# Assassin snails



## Leopard Gecko (May 9, 2011)

Do assassin snails get eaten by blue rams?


----------



## holly12 (Apr 21, 2011)

So far I can't find anything on Blue Rams eating snails... everything I've read has said they ignore all snails (except one rare case).

If they tend to eat other types of snails, then I'd assume they would eat Assassins as well. But so far, I've not found a lot of info' leading me to believe that they eat them.

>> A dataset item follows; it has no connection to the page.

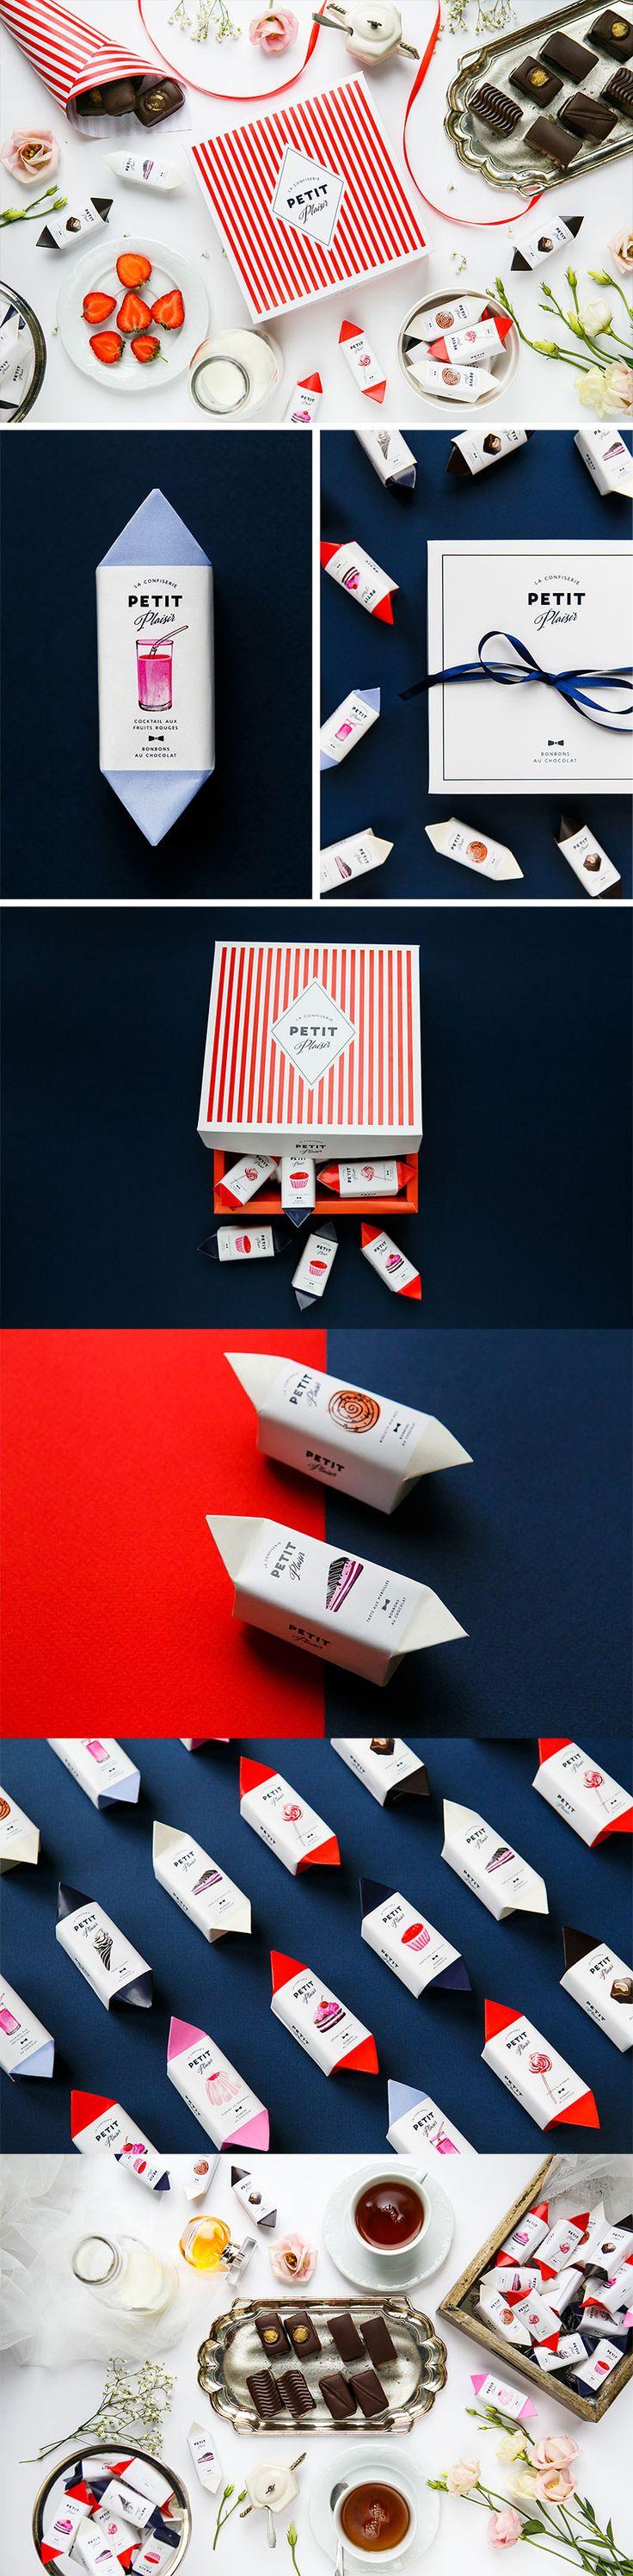 Petit plaisir Branding and Packaging

Probably if the Assassin's are big enough (I know they are not very large) they would be totally fine. I'm sure if the Rams are well fed, they won't have a reason to hunt snails anyway.


----------



## PC1 (May 25, 2011)

I would have to agree there shouldn't be any need for them to even think about eating an assassin. Besides assassins don't get eaten, they do the eating


----------



## susankat (Nov 15, 2008)

If you can't see them they are probably buried in the substrate. Mine burrows in the sand all the time. Only come out when they get hungry.


----------



## holly12 (Apr 21, 2011)

*i/a* They tend to bury themselves after a big meal and digest, lol. They also dig in the substrate to look for meaty left overs.


----------



## Big Dog (May 17, 2010)

Any snail can become lunch if the fish real wants to eat them.


----------